CA files, lot 58 D 395, “Chinese
Representation at UN, 1953”
Memorandum by the United Nations Adviser, Bureau of Far
Eastern Affairs (Bacon)1
secret
[Washington,] June 12, 1953.
- Subject:
- Draft Paper on Chinese Representation for the Bermuda
Conference
Attached is a revised edition of the draft paper on Chinese representation
for the Bermuda conference. You saw the first version of this paper and
approved its general substance.
UNP informs me that the Secretary personally
added the following two sentences:
In numbered paragraph 4, relating to the need for retaining the
present policy on Chinese representation pending a future
reassessment in the light of the behavior of the Chinese Communists,
the Secretary added “In Churchill’s own words in connection with the
admission of Germany into the League of Nations after World War I,
‘they must work their passage back’”.
In numbered paragraph 6, relating to the U.S. suggestion that the
U.S., U.K. and France agree to
continue a policy of postponement, the Secretary added “It may be
desirable to continue to postpone the question, at least until the
Charter Review Conference in 1955.”
[Page 673]
Note: The Secretary’s reference to the Charter Review
Conference is of special interest. It may be that the Secretary suggested it
merely as a possible cut-off date sufficiently far in the future for present
purposes. Beyond that the full implications of a possible connection between
Charter revision and the Chinese representation question are not entirely
clear. The U.K. and France might assume that
a revision of the Charter was contemplated under which the provision for
China as a permanent member on the Security Council would be deleted. On the
other hand, it may be that the Secretary has in mind that a provision might
be added to the Charter laying down rules for handling cases of rival
claimants for seats in the UN.
[Attachment]
Draft Position Paper Prepared by the United Nations
Adviser, Bureau of Far Eastern Affairs (Bacon)
secret
[Washington,] June 10, 1953.
Chinese Representation in the United
Nations
the problem
To obtain UK–French agreement to continue
in all United Nations bodies to support procedural action designed to
ensure the continued seating of the representatives of the Chinese
National Government and the exclusion of Chinese Communists.
positions of uk and
france
Under a “moratorium arrangement” agreed upon by the UK and US in May 1951, US and UK representatives in all UN bodies have jointly supported action
designed to dispose of the Chinese representation issue on a procedural
basis and to avoid a vote on the substance. This action usually takes
the form of motions to postpone consideration of the Chinese
representation issue.
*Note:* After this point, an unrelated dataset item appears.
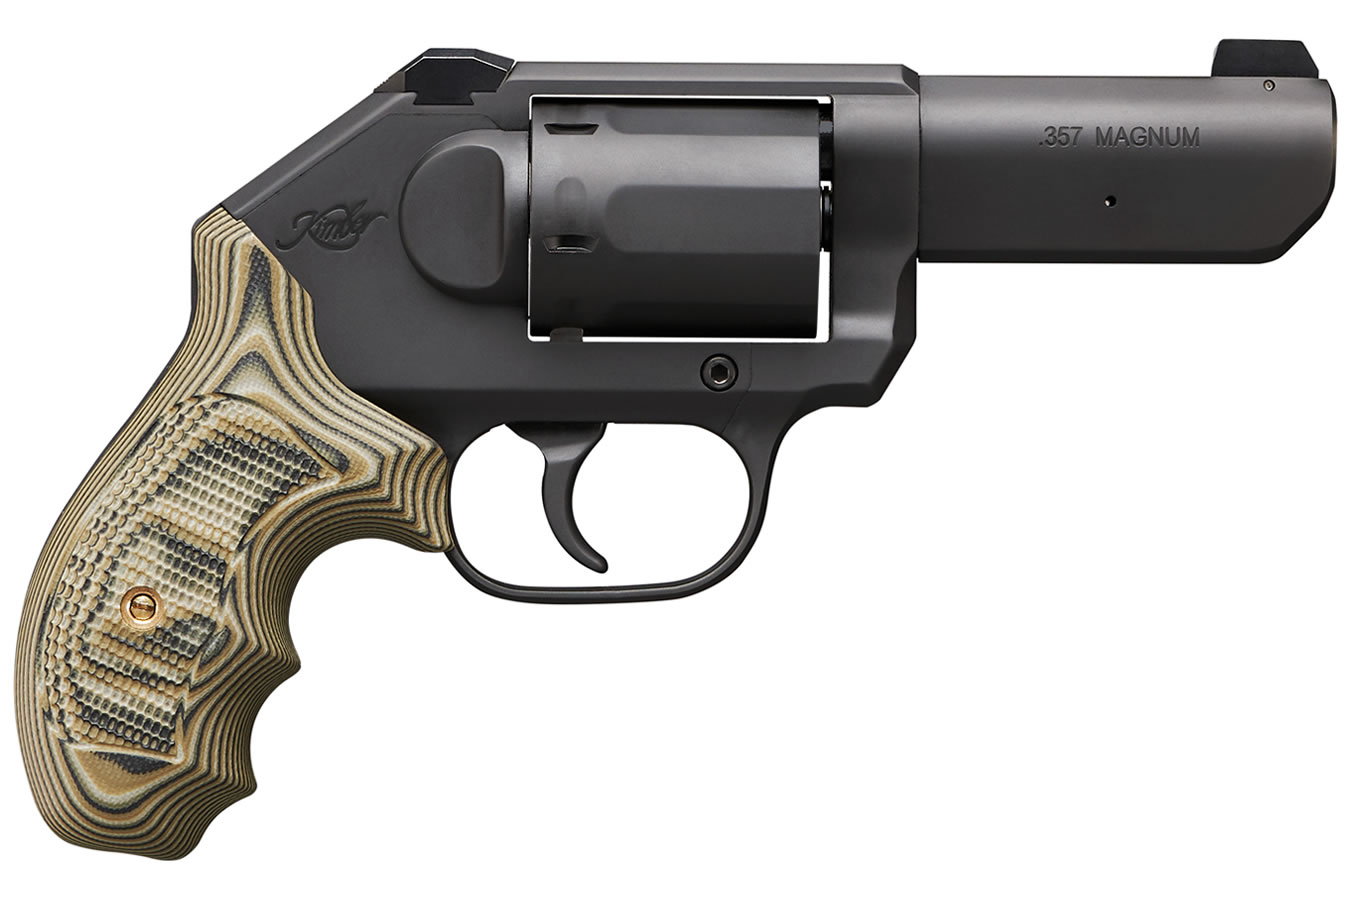 Buy Kimber K6s Tle 357 Magnum Double Action Revolver With 3 Inch Barrel Online For Sale 1847

The UK bases its
support of these motions on the Chinese Communist aggression in Korea.
The UK contemplates early abandonment of
postponement and active support for the seating of Chinese Communists
soon after the armistice is signed.
France, which has not recognized the Chinese Communists, has generally
voted with the United States against the seating of Chinese Communists.
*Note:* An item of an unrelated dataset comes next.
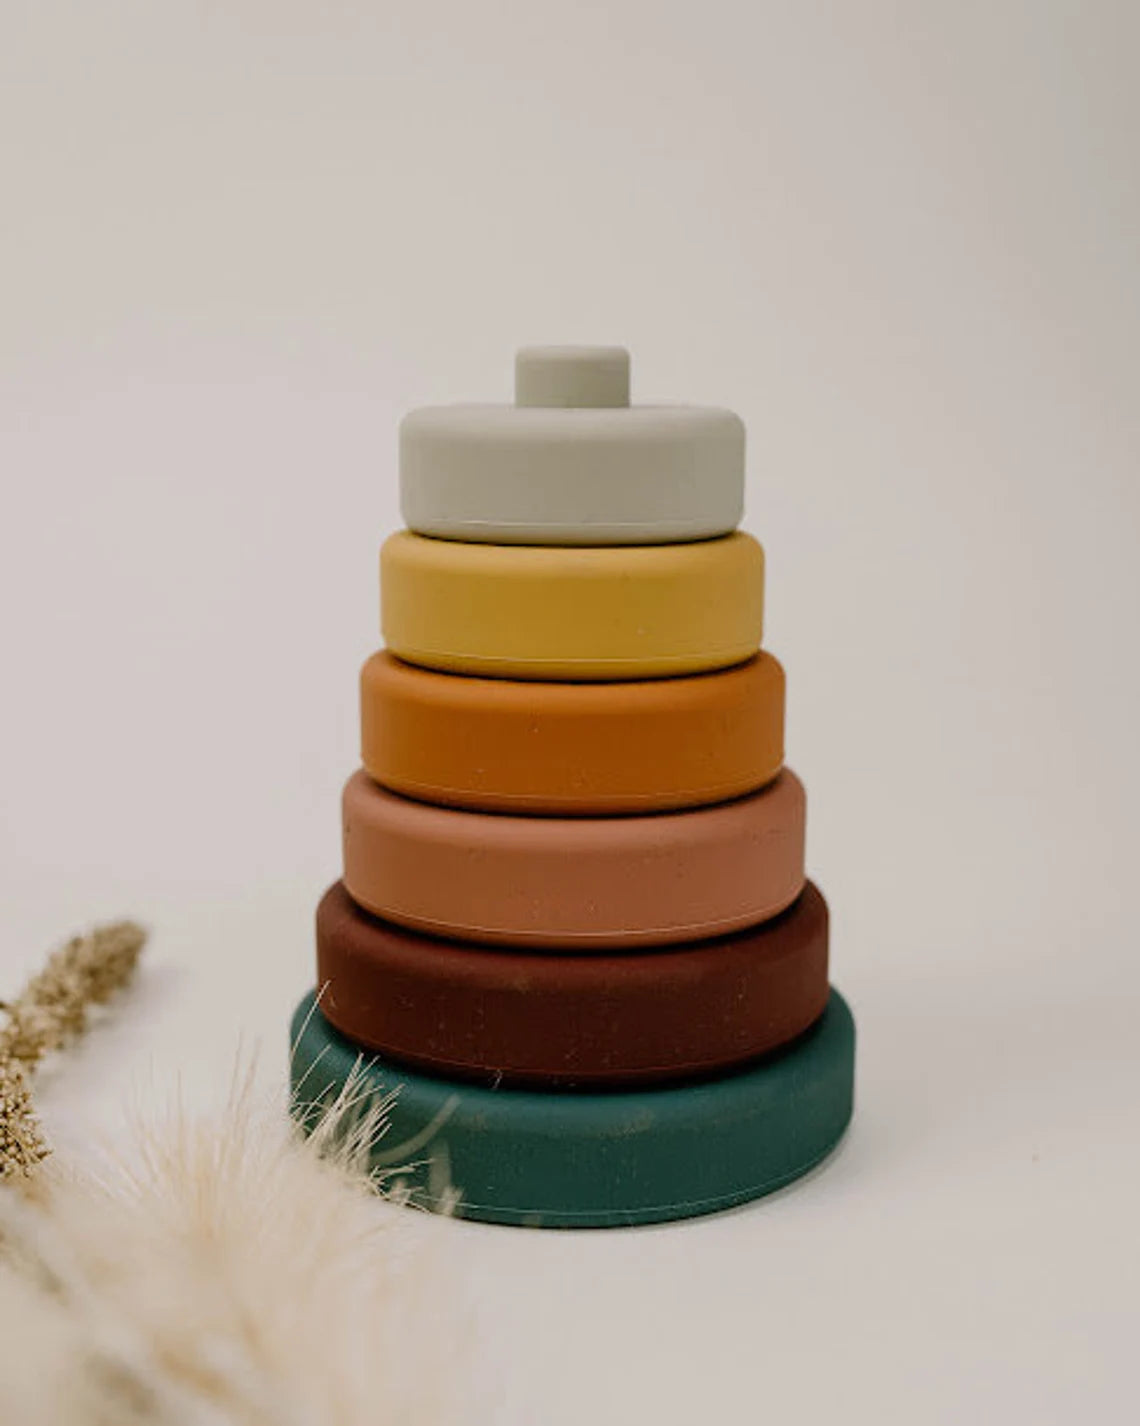 wooden stacking toys

However, the French attitude on this does not appear to be firm and
France might be strongly tempted to recognize the Chinese Communist
regime and to support the seating of its representatives in the UN if there were a prospect of successful
negotiations on Indochina.
[Page 674]
united states position to be presented to other
governments
- 1.
- We consider it imperative that the Chinese Communists should not
be seated in any UN body and that
representatives of the Chinese National Government continue to be
seated, so long as the Chinese Communist regime is constituted on
its present basis, under its present leaders, and so obviously
serving the ends of the Soviet Union.
- 2.
- Agreement by the Chinese Communists to a military armistice in
Korea does not constitute adequate evidence that Communist China has
abandoned the use of armed force to seek its objectives and those of
the USSR. There is nothing to
indicate that it represents more than a tactical shift designed to
create an atmosphere in which resistance to communist and Soviet
imperialism will be weakened; it signifies merely that the
Communists have found it unprofitable to continue the war in Korea,
and the danger of renewed agression by them particularly in
Southeast Asia, remains.
- 3.
- In the absence of further evidence that the Peiping regime has
changed its standards of international conduct, international
political acceptance of the Chinese Communist regime, including the
seating of its representatives in the UN, would have serious consequences. It would greatly
enhance Chinese Communist prestige and weaken the resistance to
communism of Asian peoples who are still free. It would appear as a
reward for halting the criminal act of aggression; by minimizing the
penalty it would encourage the Chinese Communists to embark upon or
to lend greater aid to further aggressive ventures.
- 4.
- It is imperative therefore that the current policy on Chinese
representation must be fully retained pending a future reassessment
by the three governments in the light of the behavior of the Chinese
Communists. In Churchill’s own words in connection with the
admission of Germany into the League of Nations after World War I,
“They must work their passage back”.
- 5.
- A new public divergence of policy between the US, the UK and France would have most
unfortunate consequences for our combined efforts to build our
defenses against communism throughout the world. Our Congress would
be severely shaken if the US, with British and French concurrence,
were to seat the Chinese Communists.
- 6.
- Because of the basic difference of view between the UK and the US on the Chinese
representation issue, agreement should be reached, in principle,
that the three governments will continue, in all UN bodies, jointly to support some
procedural action by which votes on the substance can be avoided.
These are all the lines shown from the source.